Assuming we error when we inverse-transform None, I feel like this would be expected behavior:

Only None seen in fit: inverse_tranform(np.nan) = None
Only np.nan seen in fit: inverse_transform(np.nan) = np.nan
Both None and np.nan seen in fit: inverse_transform(np.nan) = np.nan (This was chosen arbitrary)

Stepping back, I think it would be good to remove a portion of this PR to get something useful merged. We can either:

Only support np.nan as you @NicolasHug suggested. I think this is the more common missing value indicator.
Disable inverse_transform when there are any missing value indicators during fit.

WDYT @NicolasHug ?

NicolasHug · 2021-01-22T15:41:07Z

I would go with option 1 since it's probably going to address 99.9% of the use-cases and it would simplify the logic

If we choose support None, I think we should just have inverse_transform(nan) == nan no matter what was seen in fit. This allows to output a float dtype instead of object dtype. And instead of erroring for inverse_trasnform(None), we can specifically document that a) this makes no sense and should not be done and b) the returned value is undefined and may change / fail in the future?

thomasjpfan · 2021-01-28T22:12:12Z

Error is unrelated.

This PR has been updated to remove support for None. It will raise an error when None is seen during fit.

jnothman

Otherwise LGTM

jnothman · 2021-02-21T07:10:47Z

doc/whats_new/v1.0.rst

+:mod:`sklearn.naive_bayes`
+..........................
+
+- |API| The attribute ``sigma_`` is now deprecated in


merge error?

jnothman · 2021-02-21T07:14:03Z

sklearn/preprocessing/_encoders.py

+            # None and np.nan will only appear at the end of feature_cats
+            if None in categories_for_idx[-2:]:
+                raise ValueError(
+                    "None is an unsupported missing value indicator and was "


FWIW, this is backwards incompatible. We currently transform None as another category label. Are we sure we want to do this?

Ah I did not know None was already supported. This kind of changes things a little.

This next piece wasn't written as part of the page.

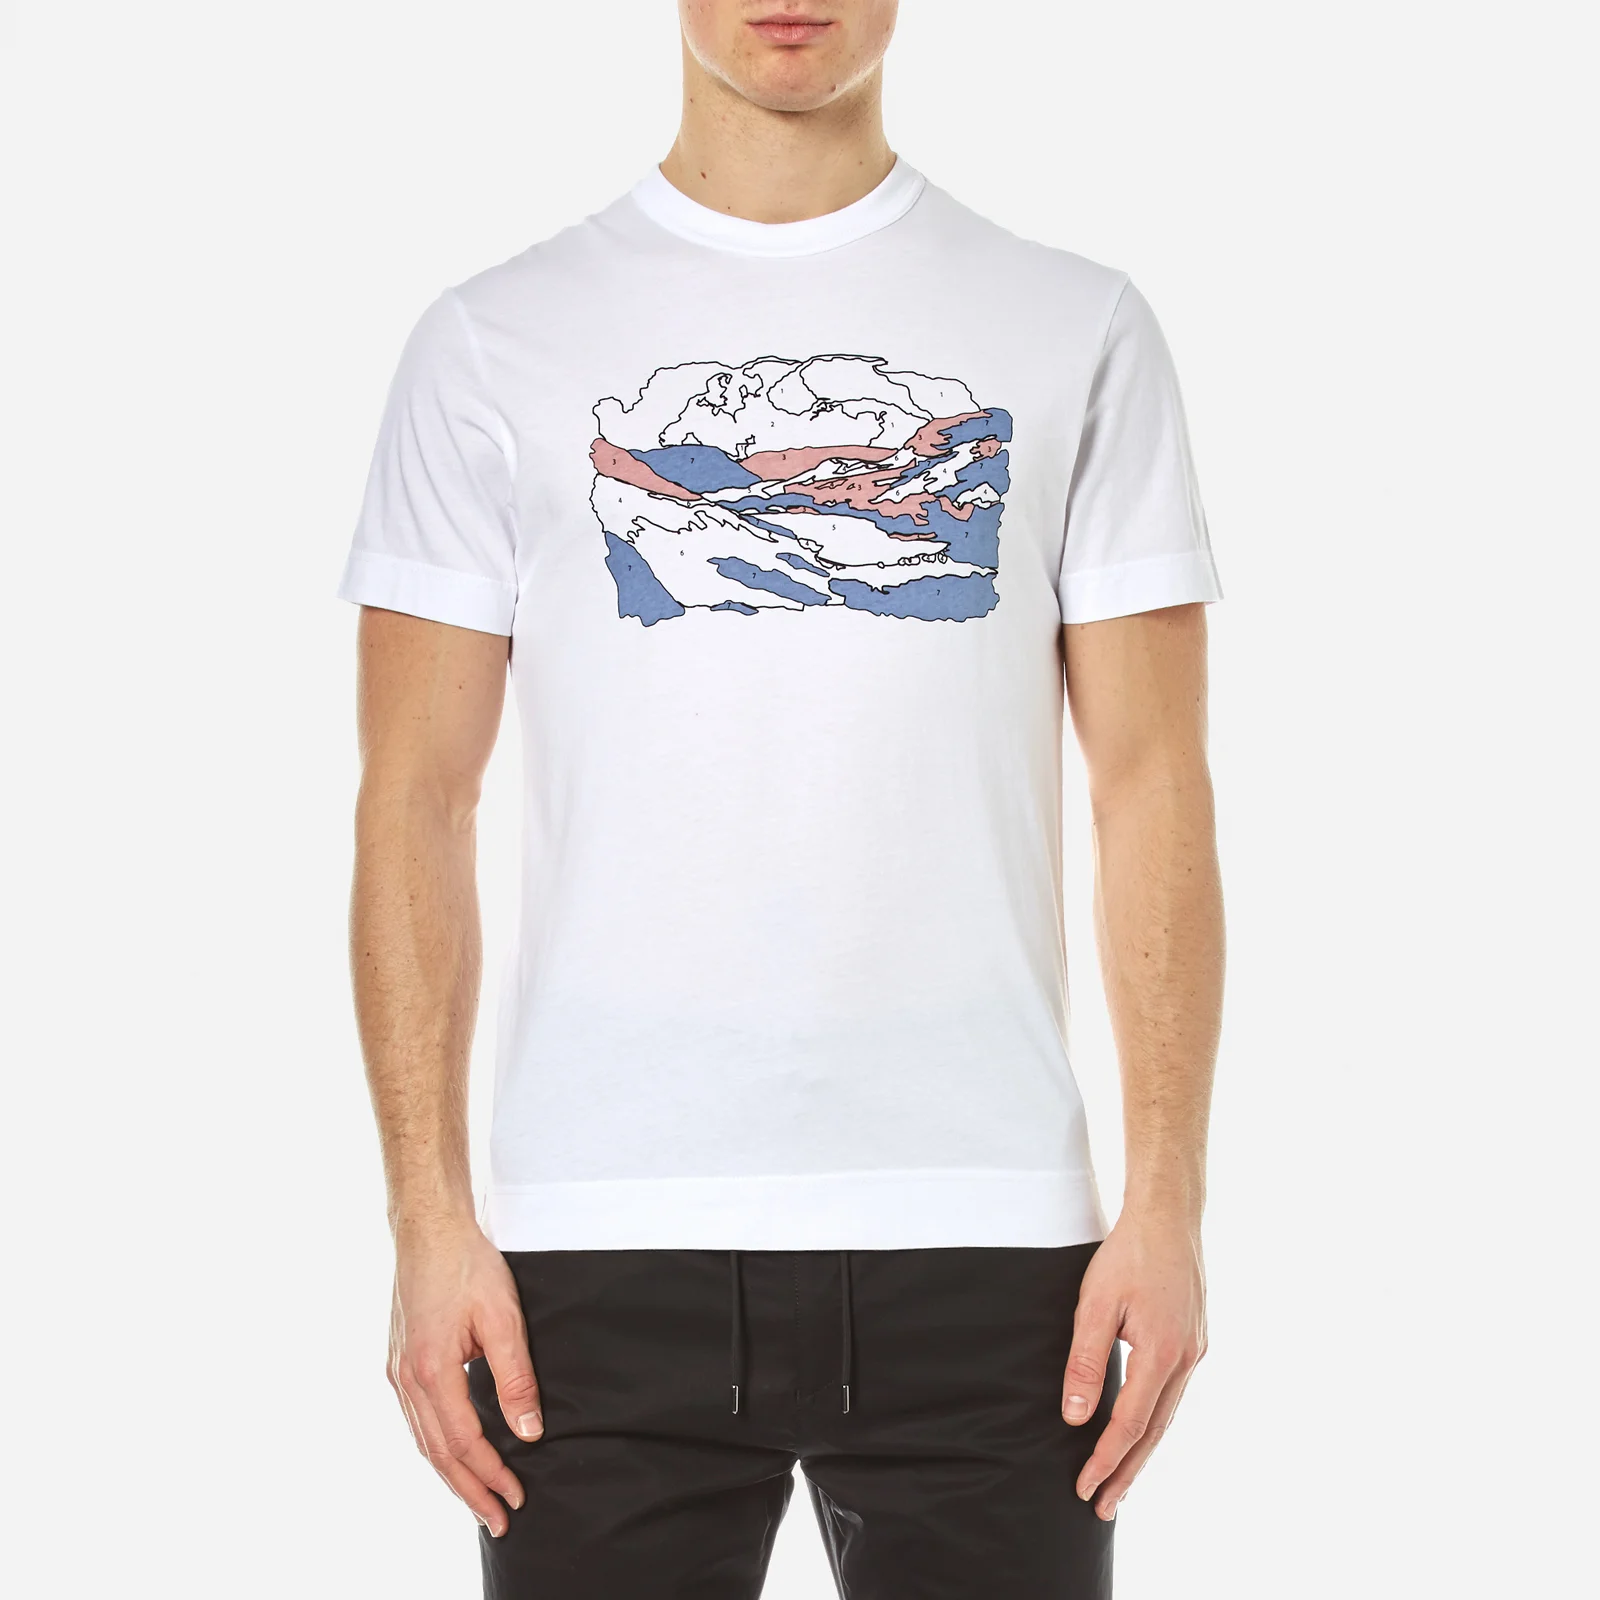 Garbstore Men's By Numbers T-Shirt - White Image 1

None support doesn't seem to be tested nor documented anywhere though. If we choose to keep the previous behaviour we probably want to add tests and docs

jnothman · 2021-02-21T07:14:40Z

sklearn/preprocessing/_encoders.py

        X_trans = X_int.astype(self.dtype, copy=False)

+        for cat_idx, categories_for_idx in enumerate(self.categories_):
+            missing_indices = [i for i, v in enumerate(categories_for_idx)
+                               if is_scalar_nan(v) or v is None]

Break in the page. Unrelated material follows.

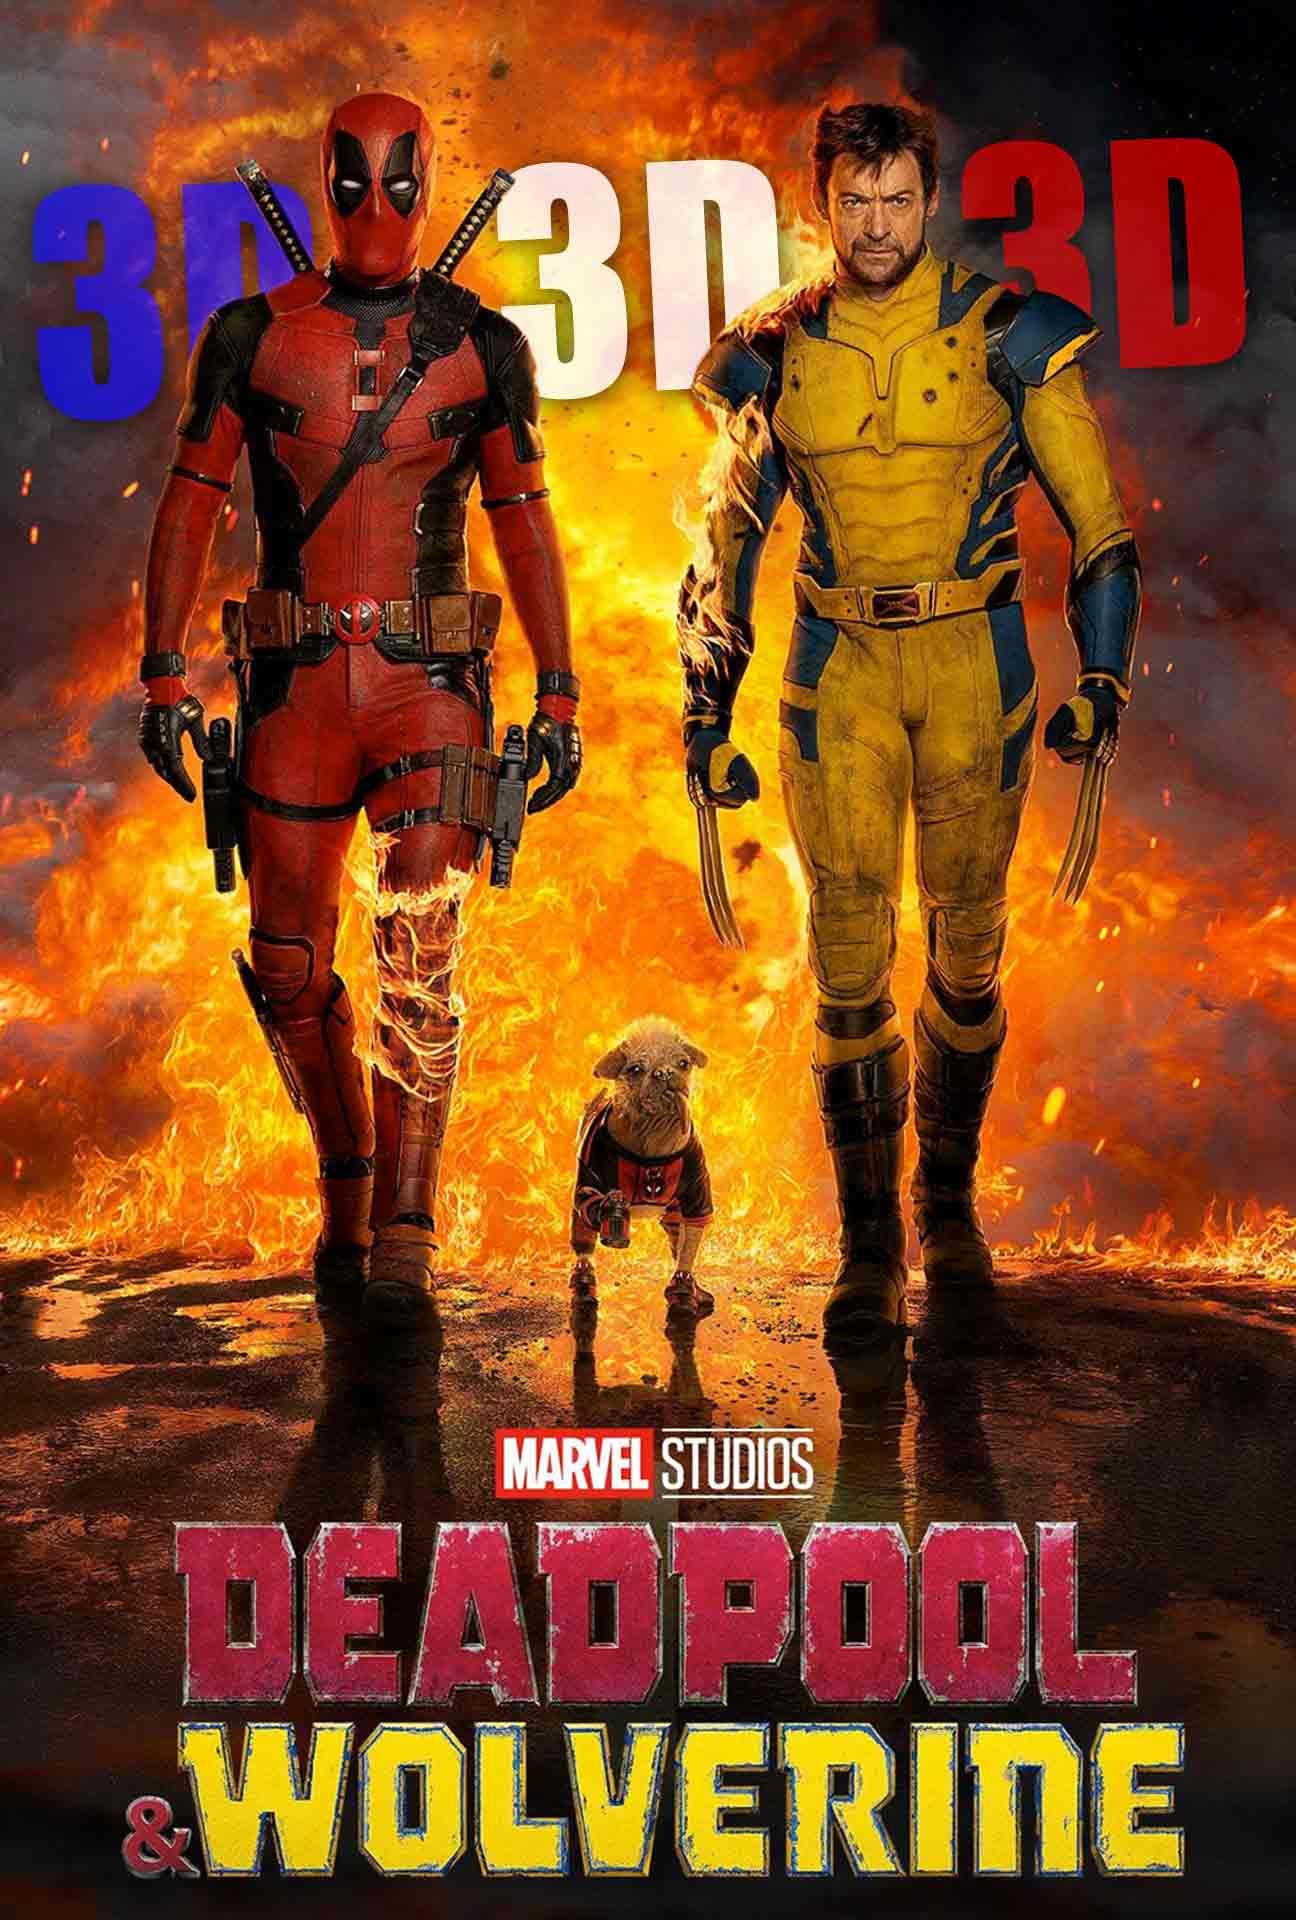 Movie Poster for Deadpool & Wolverine 3D

is this or v is None a vestige of a previous proposal?

jnothman · 2021-02-21T07:17:48Z

sklearn/preprocessing/_encoders.py

+        for cat_idx, categories_for_idx in enumerate(self.categories_):
+            missing_indices = [i for i, v in enumerate(categories_for_idx)
+                               if is_scalar_nan(v) or v is None]
+            for missing_idx in missing_indices:


ordinarily would we expect len(missing_indices) <= 1. I look at this code and immediately incline to reduce its complexity, but if len(missing_indices) is rarely more than 1 then it's fine.

jnothman · 2021-02-21T07:18:58Z

sklearn/preprocessing/_encoders.py

@@ -833,6 +861,17 @@ def inverse_transform(self, X):

        for i in range(n_features):
            labels = X[:, i].astype('int64', copy=False)
+
+            # place values of X[:, i] that were nan with actual indices


Suggested change

# place values of X[:, i] that were nan with actual indices

# replace values of X[:, i] that were nan with actual indices

jnothman · 2021-02-21T07:23:05Z

sklearn/preprocessing/tests/test_encoders.py

+def test_ordinal_encoder_handle_missing_and_unknown(
+        X, expected_X_trans, X_test
+):
+    """Test the interaction between handle_missing and handle_unknown"""


handle_missing isn't a thing

Suggested change

"""Test the interaction between handle_missing and handle_unknown"""

"""Test the interaction between missing values and handle_unknown"""

thomasjpfan · 2021-02-22T18:04:31Z

From #19069 (comment), I see that None is already supported and encoded by OrdinalEncoder on main:

from sklearn.preprocessing import OrdinalEncoder
X = [["a"], ["b"], [None]]
OrdinalEncoder().fit_transform(X)
# array([[0.],
#        [1.],
#        [2.]])

Since we already encode None, I think this PR can encode np.nan as well and not passthrough. We can treat np.nan and None as distinct categories, which consistent with OneHotEncoder.

WDYT @NicolasHug @jnothman @adrinjalali ?

NicolasHug · 2021-02-22T18:27:26Z

Is this "support" for None something that was done by design, or something that just happens to be possible because we didn't put the right guards in place?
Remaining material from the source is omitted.